Glaser: And then how do you think about the risk or additional risk of increasing that foreign allocation?
Benz: Well, it's a good question. Certainly, there are different philosophies on setting foreign versus U.S. allocations in investor portfolios. Our colleagues in Morningstar Investment Management actually think that people approaching retirement and in retirement should dial back their foreign equity exposure and certainly their foreign bond exposure simply because the foreign currency swings associated with those stakes do elevate the risk in the total portfolio. So you are spending in-retirement portfolio in dollars if you have a big shortfall simply because your foreign-currency-denominated securities have depreciated in value relative to...because of the dollar's appreciation, that's kind of a wild card that you just don't want in your retirement portfolio. So, I think looking at sort of a ballpark allocation as a percent of the total equity allocation to foreign stocks is like somewhere in the neighborhood of 25% to 40% of the equity portfolio. That seems like a reasonable starting point.
Glaser: How do you think about withdrawal rates in an environment like this? Should you be adjusting how much you're planning to take out of your portfolio?
Benz: Probably so. In fact, I would say some of the most valuable research in the realm of retirement planning over the past five or seven years has come in the realm of retirement portfolio withdrawal rates. One theme that emerges from a lot of this research is that investors should stay a little bit flexible if they possibly can when it comes to their withdrawal rates. So, specifically, though they may be able to take a little more in high markets, they should plan to be willing to ratchet back when the market falls. So, that's I think something that retirees ought to keep their eye on. If they need to reduce their withdrawal rates, can they do it? Can they be ready if their portfolio incurs a big drop?

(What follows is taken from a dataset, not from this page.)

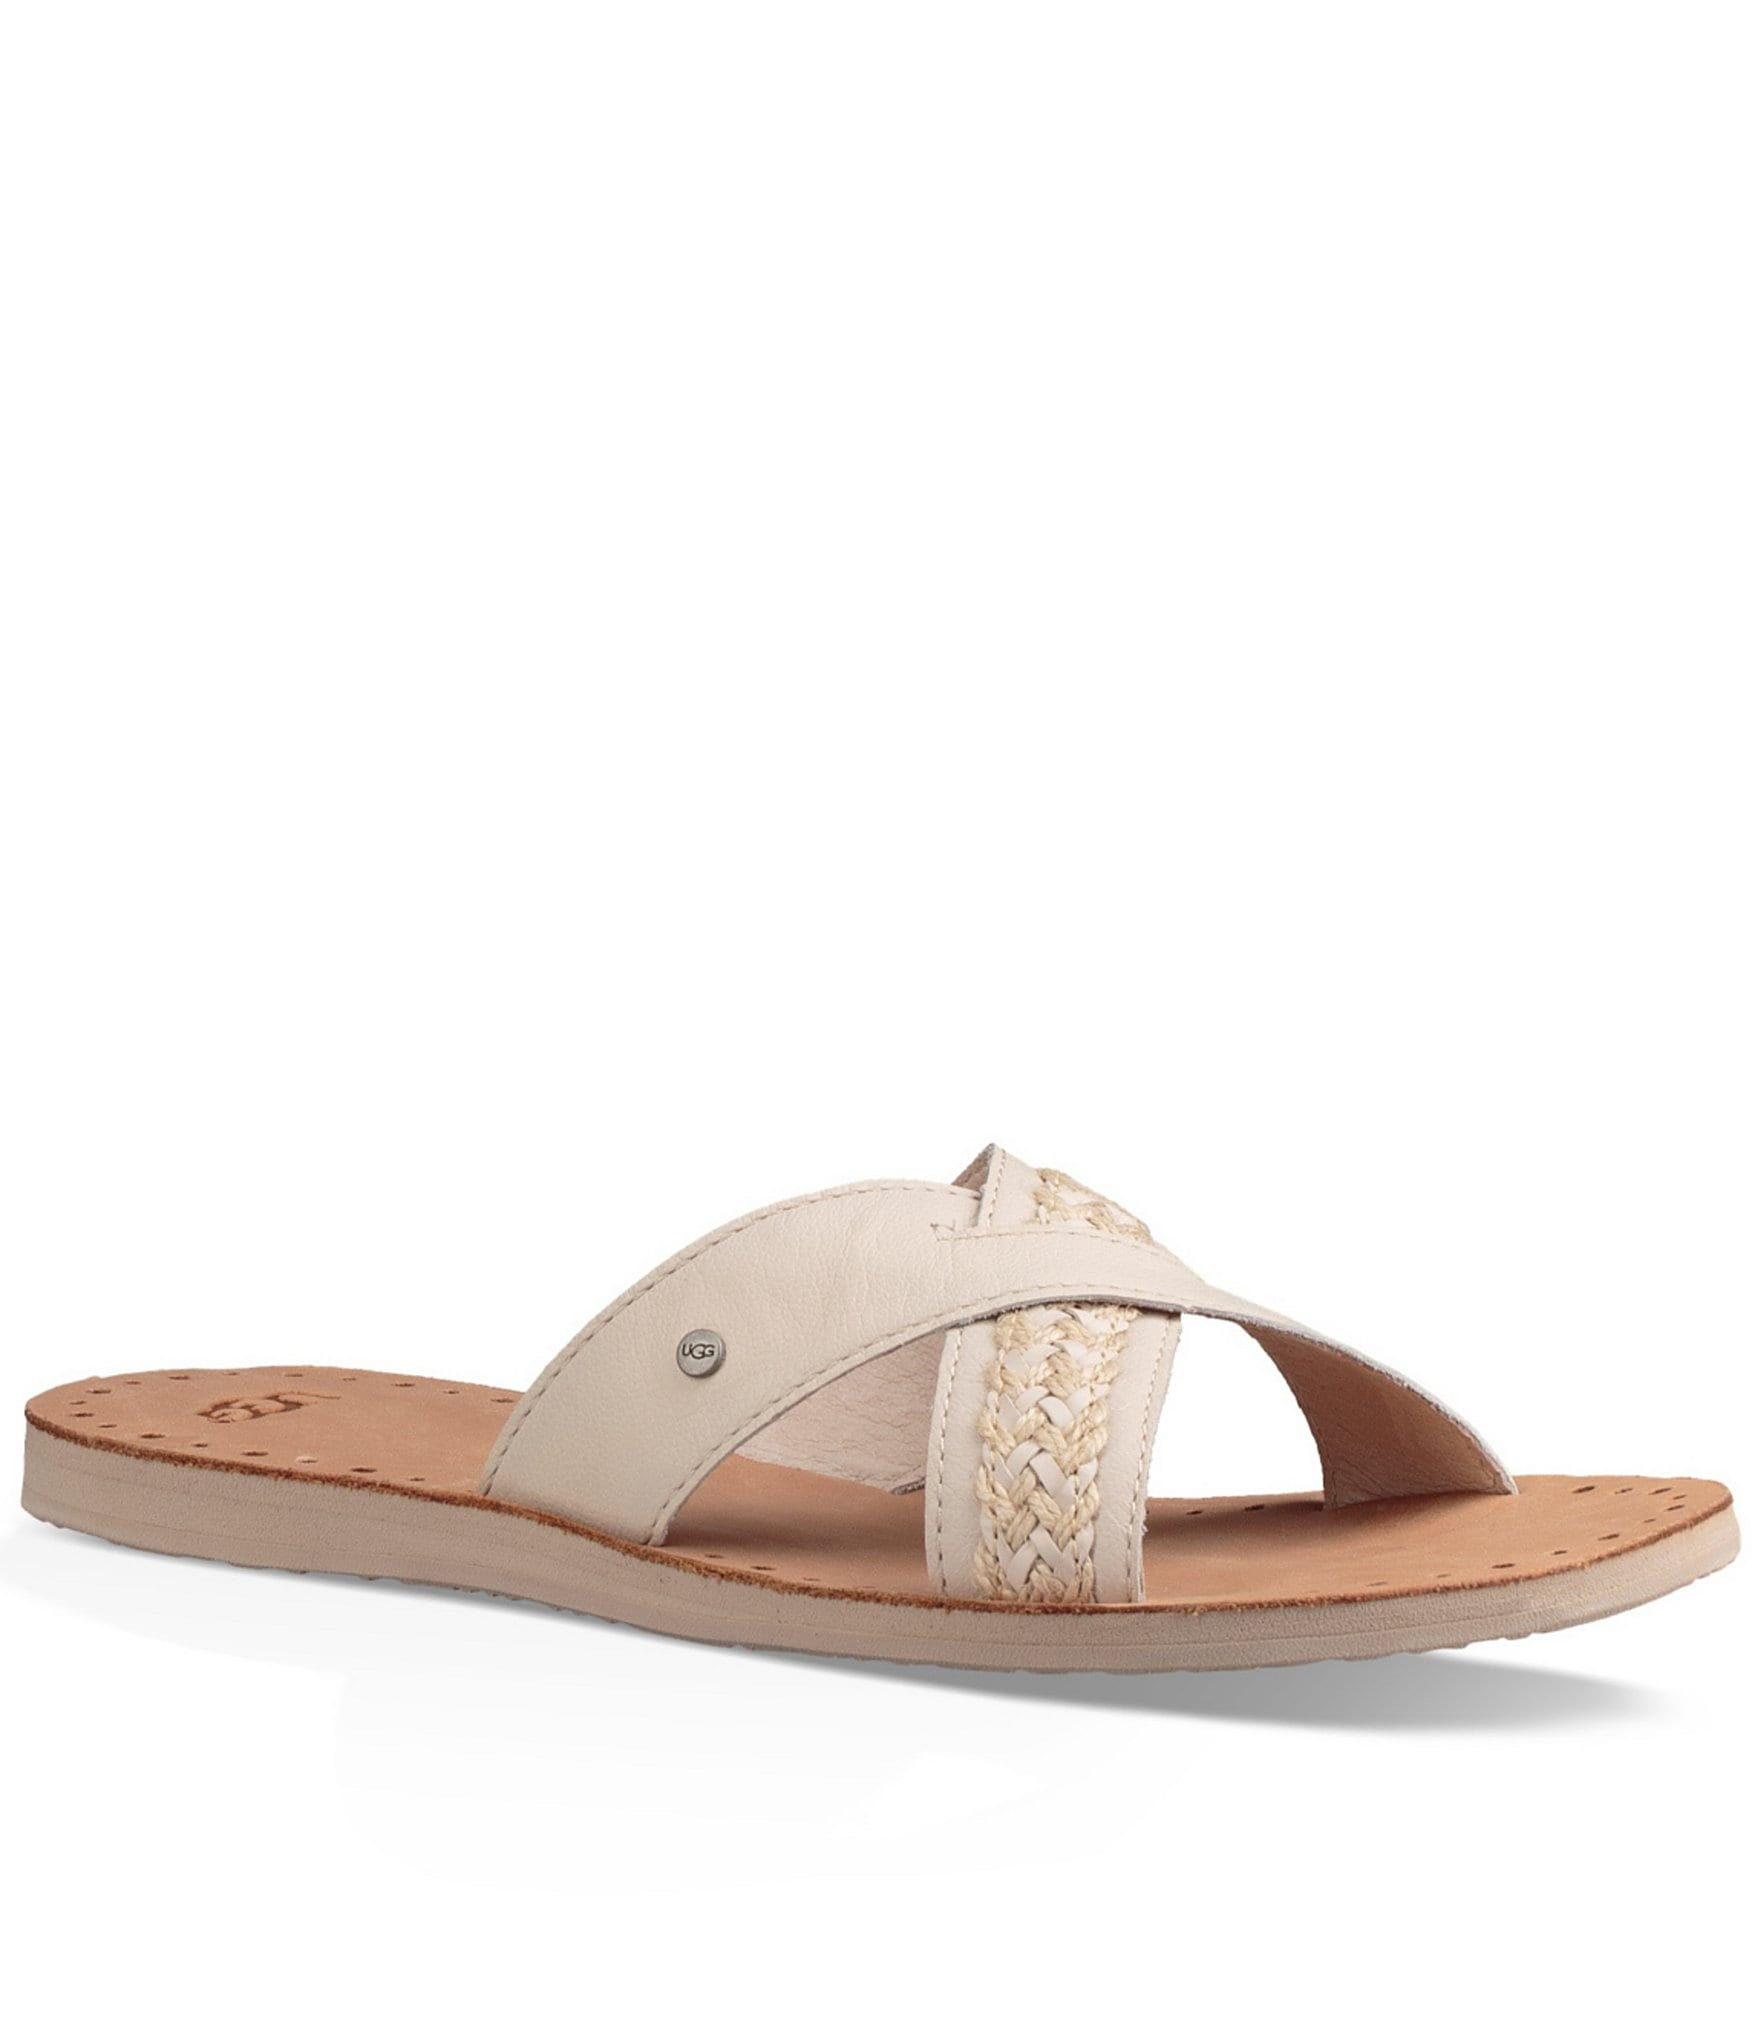 Ugg 174 Lexia Slide On Sandals Dillards

Glaser: Withdrawal rates are something investors can control; market returns are not. What other things do you really have in your control in an environment like this?
Benz: In a lofty market environment, I think, it very much benefits you to focus on those factors you can control. Even though they seem to be small, they can actually have a meaningful difference, have a meaningful impact in an era of low returns. So, specifically, everybody hears us evangelize about the importance of costs, but I really do think it makes sense to keep an eye on the costs associated with your investment plans or whether they are direct fund and ETF costs, or your own trading costs, how much you're paying an advisor. Certainly, paying an advisor to help you stay on track can be money well spent, but investors I think should right-size the amount of advice they are getting based on what they need. So, for many investors who are on Morningstar.com, maybe what they need is a once-a-year check-in with an hourly advisor as opposed to that all-in advisor who they pay throughout the year. So that's something to consider. Tax efficiency is another area to keep an eye on as you move throughout your investment lifecycle but especially in retirement, making sure that your withdrawal sequencing is as tax efficient just as it can be, making sure that if you have taxable assets that you are managing them with an eye toward reducing the drag of taxes on them.
Glaser: Christine, thanks for these thoughts on the market environment today.
Benz: Thank you, Jeremy.
Glaser: For Morningstar, I'm Jeremy Glaser. Thanks for watching.